Most Holy Trinity

Seventeenth Sunday in Ordinary Time –Year A– Become disciples of divine wisdom.

The first book of the Kings presents us with God’s self-disclosure to Solomon who recently succeeded his father David as king of Israel. He was an inexperienced young man when God appeared to him in a dream to ask whatever favor he wanted. He did not ask for wealth or fame. He did not ask for long life or the life of his enemies. In his prayer he acknowledges God’s great goodness to his father David. He speaks honorably of his father’s piety who had walked before God in uprightness of heart, drawing a veil over his faults. He speaks more honorably of God’s goodness to his father, the mercy God had shown to him while he lived, in making him to be sincerely religious and then recompensing his sincerity and the great kindness he had kept for him, to be bestowed on the family when he was gone, in giving him a son to sit on his throne. He acknowledges his insufficiency for the discharge of that great trust to which he is called, and goes ahead to ask for wisdom to rule well as God’s servant. God was well pleased with Solomon’s prayer and gave him not only what he prayed for but also every other thing including riches and fame.

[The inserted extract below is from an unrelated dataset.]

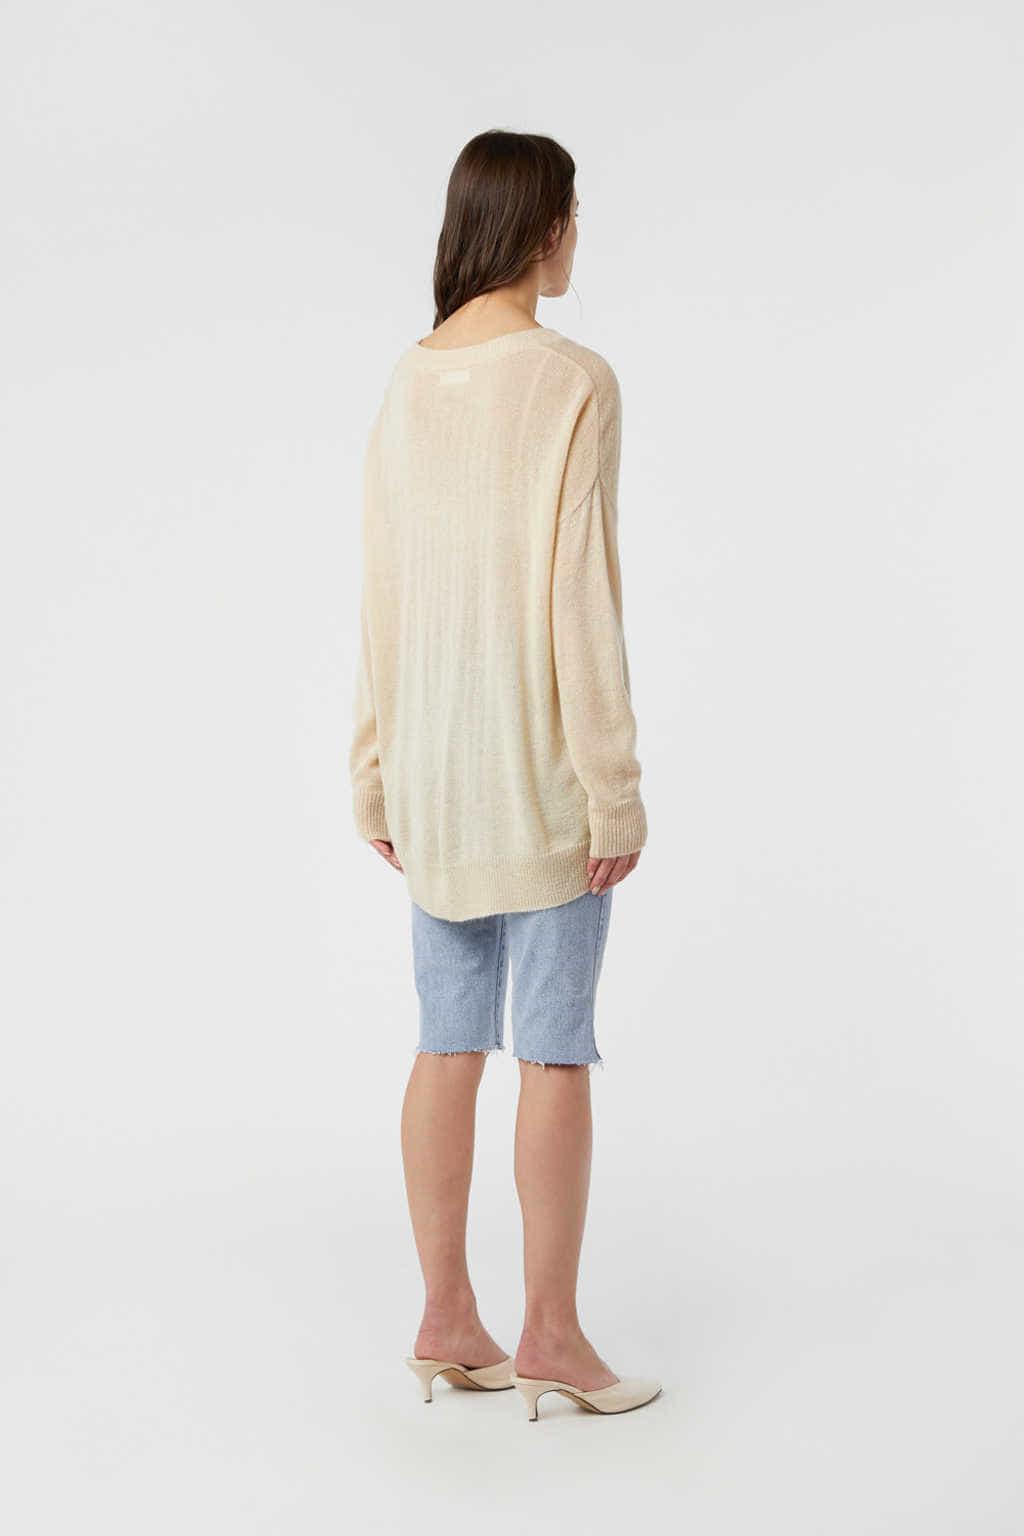 Sweater 2980 Cream 4

St. Paul tells us that Jesus Christ is the Wisdom and Power of God. In the search of Wisdom, God first searches for humans and presents Himself. God’s initial offer of himself creates in the person the desire for God. This is what happens to us that in the search of wisdom or God himself, we detach ourselves from everything which is ungodly and search for him who is the ultimate, with all the means and resources that God has given to us. Jesus speaks about this process when he tells us to seek first the Kingdom of God and all its righteousness and all other things will be added unto us. He also tells us to lay for ourselves treasures in heaven, where our treasure is, there our heart will be.

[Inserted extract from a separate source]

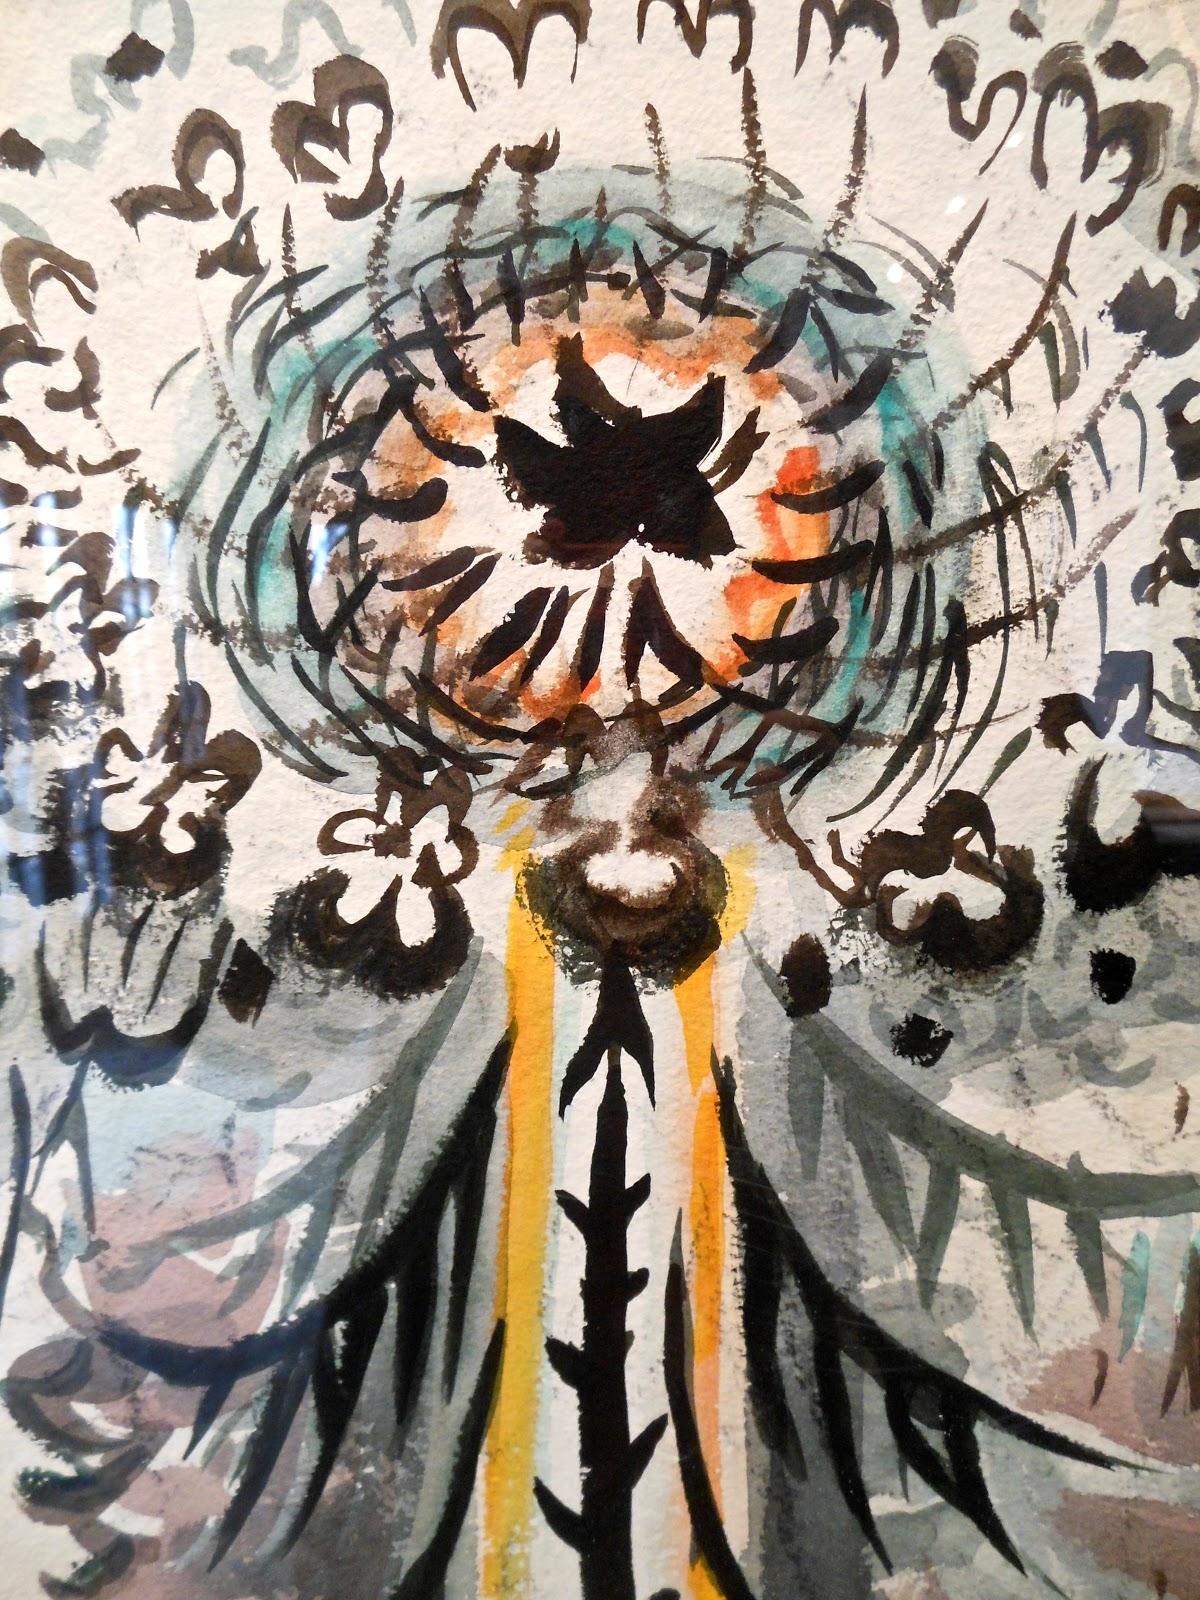 charles burchfield art - milk  - ☆ Milk ☆ 平平。淡淡。也是真。

Jesus presents this knowledge to us in our gospel reading through the parable of the hidden treasure and the pearl of great price. This parable proclaims the grace of God and the security that Christ’s disciples possess even in the midst of a fallen hostile world. By this parable, Jesus wants us to know that the kingdom is an inner treasure. It is something of great value which the individual can seek, find and hide again. There is always a cost to finding it and possessing it. We must give up something in order to have it, The parable of the dragnet stresses the reality of the present life in relation with the search of wisdom. In the search of wisdom, faced with so many options, we should choose only the things that will lead us to the acquisition of wisdom or union with God. It also reminds us about the reality of the future final judgement as an answer to a present problem. We should live the life of wisdom by avoiding the things that will contaminate us in the present time.

 

Acquisition of wisdom or union with God is the goal of all discipleship. In our second reading today, St. Paul speaks about this goal of discipleship as love of God. He refers to the true disciples as those whom God works for their good. They are those who live in imitation of Jesus Christ,  the Son of God, who is the firstborn among many. It is in Jesus Christ that we shall acquire the wisdom and power of God, which he is. Let us always work for the love of God by choosing him and his ways always as his perfect disciples. God reveals his call of us according to his purpose, by enabling us to conform into the image of his Son, Jesus Christ. Like Solomon, let us pray that wisdom might be given to us to live in us always. May God make us perfect disciples of his Son, Jesus Christ and endow us with the gift of his wisdom, now and forever. Amen.